Topology of Reasoning: Understanding Large Reasoning Models through Reasoning Graph Properties

Recent large-scale reasoning models have achieved state-of-the-art performance on challenging mathematical benchmarks, yet the internal mechanisms underlying their success remain poorly understood. In this work, we introduce the notion of a reasoning graph, extracted by clustering hidden-state representations at each reasoning step, and systematically analyze three key graph-theoretic properties: cyclicity, diameter, and small-world index, across multiple tasks (GSM8K, MATH500, AIME 2024). Our findings reveal that distilled reasoning models (e.g., DeepSeek-R1-Distill-Qwen-32B) exhibit significantly more recurrent cycles (about 5 per sample), substantially larger graph diameters, and pronounced small-world characteristics (about 6x) compared to their base counterparts. Notably, these structural advantages grow with task difficulty and model capacity, with cycle detection peaking at the 14B scale and exploration diameter maximized in the 32B variant, correlating positively with accuracy. Furthermore, we show that supervised fine-tuning on an improved dataset systematically expands reasoning graph diameters in tandem with performance gains, offering concrete guidelines for dataset design aimed at boosting reasoning capabilities. By bridging theoretical insights into reasoning graph structures with practical recommendations for data construction, our work advances both the interpretability and the efficacy of large reasoning models.

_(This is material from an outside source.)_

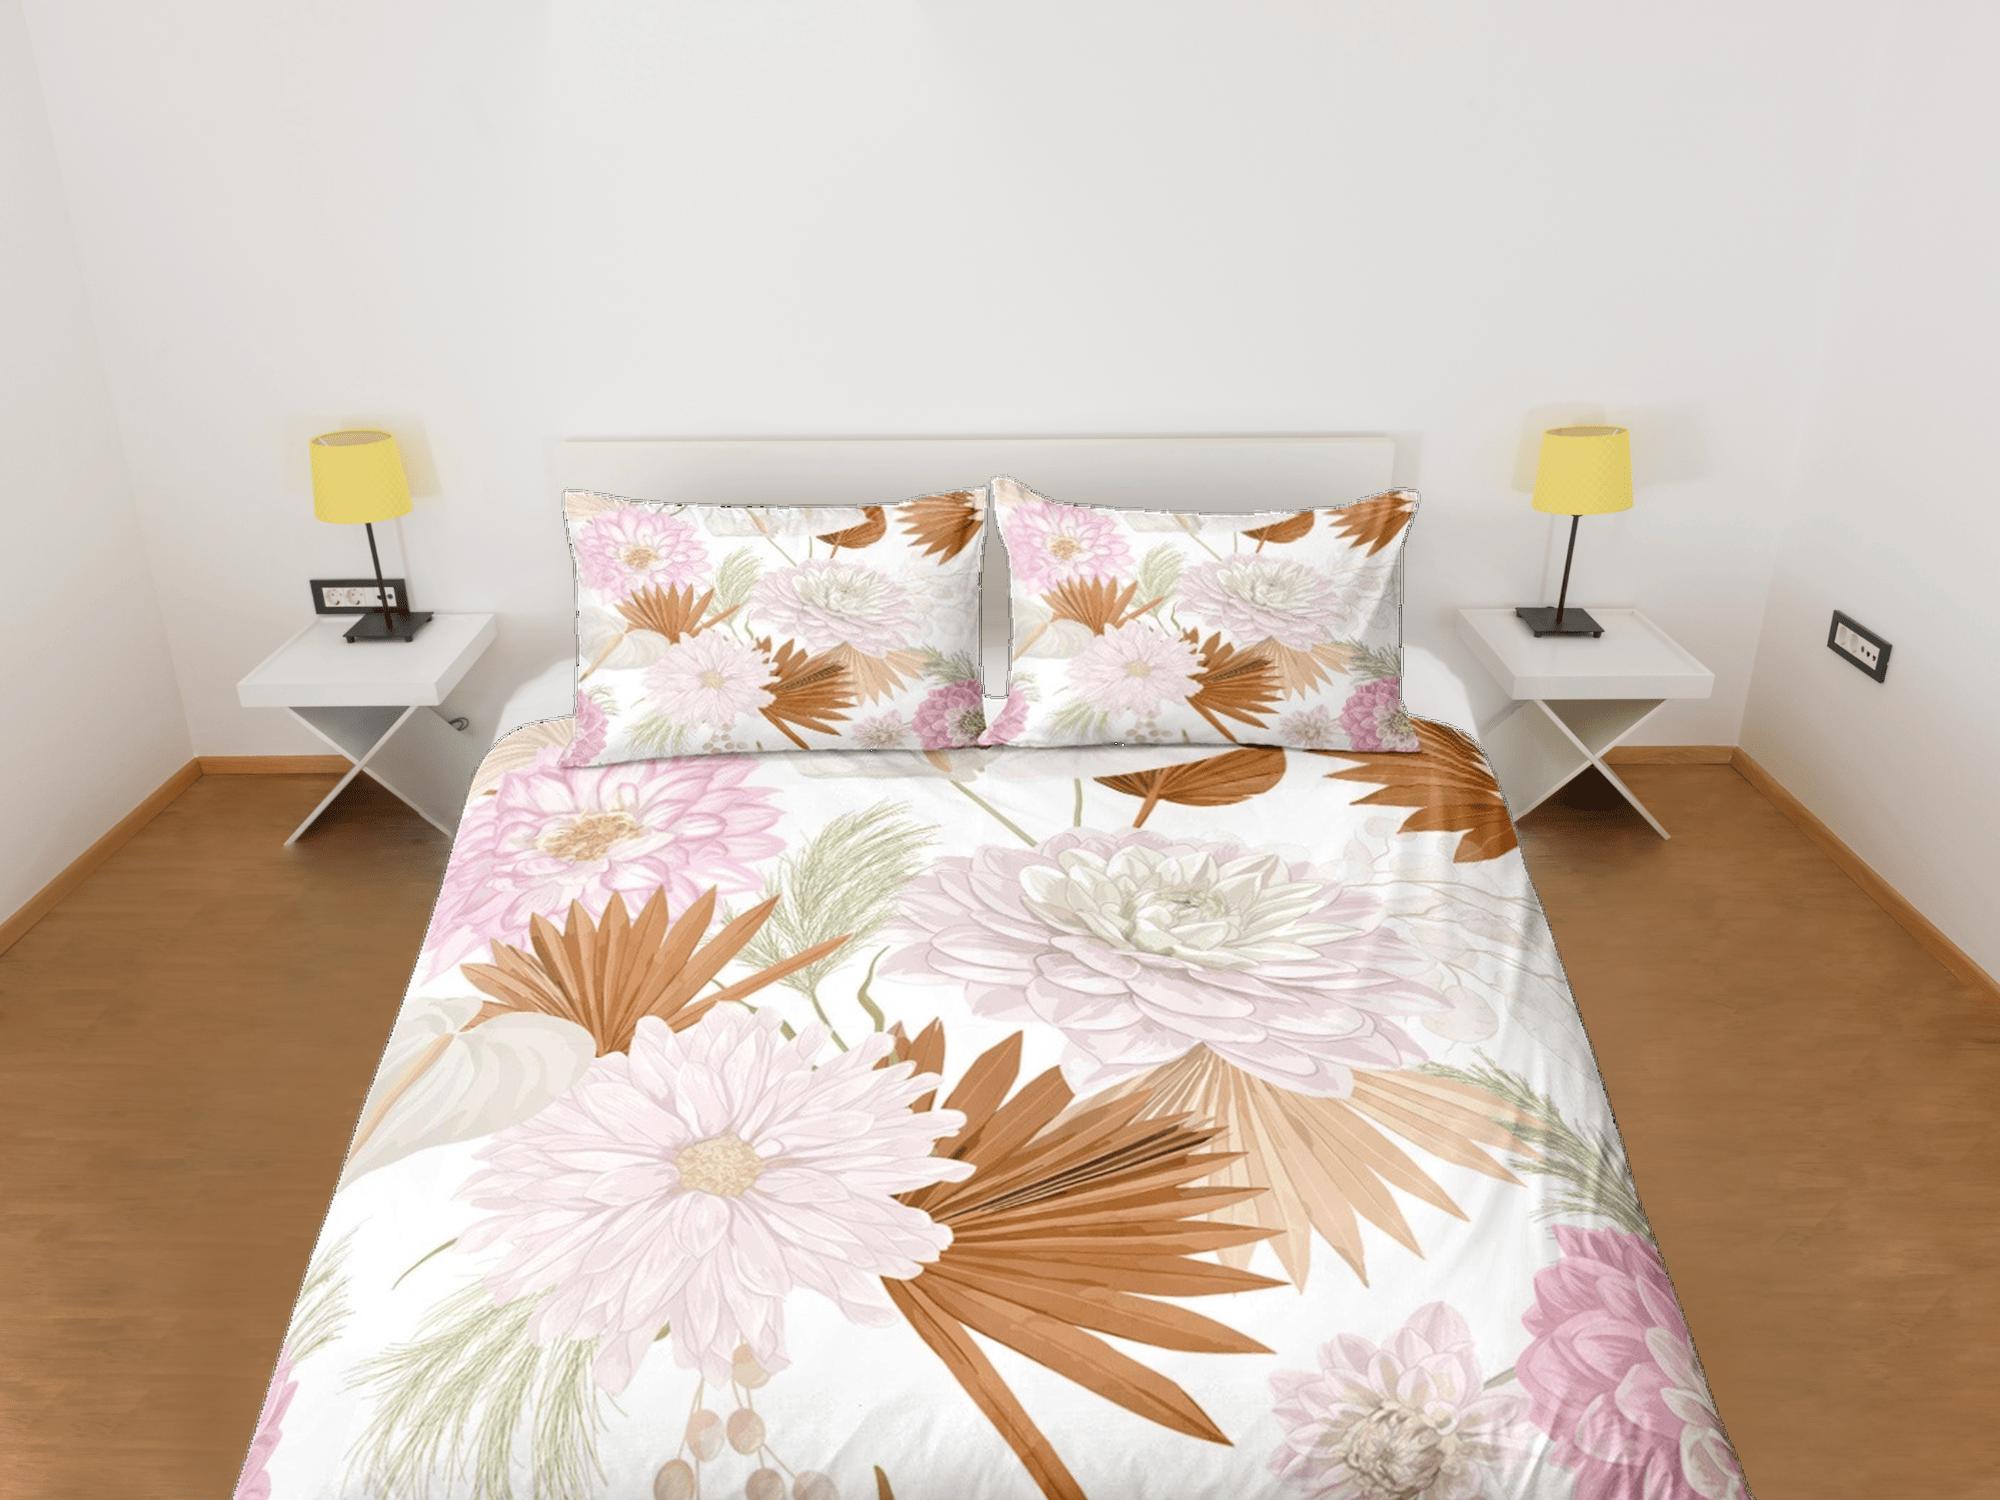 daintyduvet Bohemian pink floral duvet cover colorful bedding, teen girl bedroom, baby girl crib bedding boho maximalist bedspread aesthetic bedding

The base model demonstrates relatively simple and predominantly acyclic reasoning graphs. In contrast, the large reasoning model exhibits more complex structures, characterized by frequent cyclic patterns and broader node coverage.

To quantitatively validate these qualitative observations, we employed the cycle detection method introduced in Section 3.2. Figure 4 shows cycle detection rates for GSM8K, MATH500, and AIME 2024 datasets, comparing the large reasoning model (blue) with the base model (orange). The horizontal axis denotes different relative depths of hidden layers (0.1, 0.3, 0.5, 0.7, and 0.9), corresponding respectively to layers 6, 19, 32, 45, and 58 in the 64-layer Qwen2.5-32B. Across all layers, the large reasoning model consistently exhibited a notably higher frequency of cyclic reasoning graphs compared to the base model. Additionally, we observed higher cycle detection rates at the earlier and later layers, with lower detection rates in intermediate layers. This pattern suggests that intermediate layers compress token representations, making less cycle detection difficult, whereas layers closer to input or output exhibit clearer cyclic behaviors. The results for varying the hyperparameter k of the K-means clustering are provided in Appendix D, showing consistent trends across all tested values of k. Furthermore, another consistent trend emerges in which cycle detection ratios increase with the increasing complexity of tasks, progressing from GSM8K through MATH500 to AIME 2024. These findings reinforce the hypothesis that cycles within reasoning graphs contribute to the enhanced reasoning capabilities observed in large reasoning models.

In this work, we conducted an extensive analysis of reasoning graphs derived from large reasoning models, uncovering key structural properties that correlate with their enhanced performance. Our main findings highlight that large reasoning models consistently exhibit (1) greater cyclicity, (2) broader exploratory behaviors (larger diameters), and (3) pronounced small-world characteristics compared to base models. These insights suggest sophisticated structures in reasoning graphs as a critical factor driving reasoning improvements. Our results connect several observed behaviors in large reasoning models and offer implications for constructing more effective training datasets.

Aha Moment Models trained via RL have been reported to exhibit an intriguing phenomenon known as the “aha moment,” where the model reconsidered its intermediate answers during reasoning [9, 52]. From the perspective of our reasoning graph analysis, this phenomenon aligns consistently with the observed cyclic structures (as illustrated in Figure 1). Although the “aha moment” was initially identified as a phenomenon at the generated token level, our study quantitatively measures this behavior through the cycle properties of reasoning graphs, thereby contributing to a deeper mechanistic understanding of the “aha moment” from the internal states of LLMs.

Overthinking and Underthinking Recent studies have highlighted specific reasoning inefficiencies in large reasoning models. Overthinking, characterized by redundant or excessively long reasoning processes, has been frequently observed, particularly in agent-based tasks [27, 42, 7, 13]. Conversely, models in the o1 family display underthinking, rapidly switching thoughts without adequately exploring potentially valuable reasoning paths [48]. These phenomena align closely with the graph properties we have analyzed: redundant cyclic structures (discussed in Section 4.4) explain overthinking, while overly extensive exploratory behaviors (reflected in larger graph diameters, discussed in Section 4.2) may account for underthinking. Thus, our research clarifies these unique behaviors of large reasoning models through the lens of reasoning graph characteristics.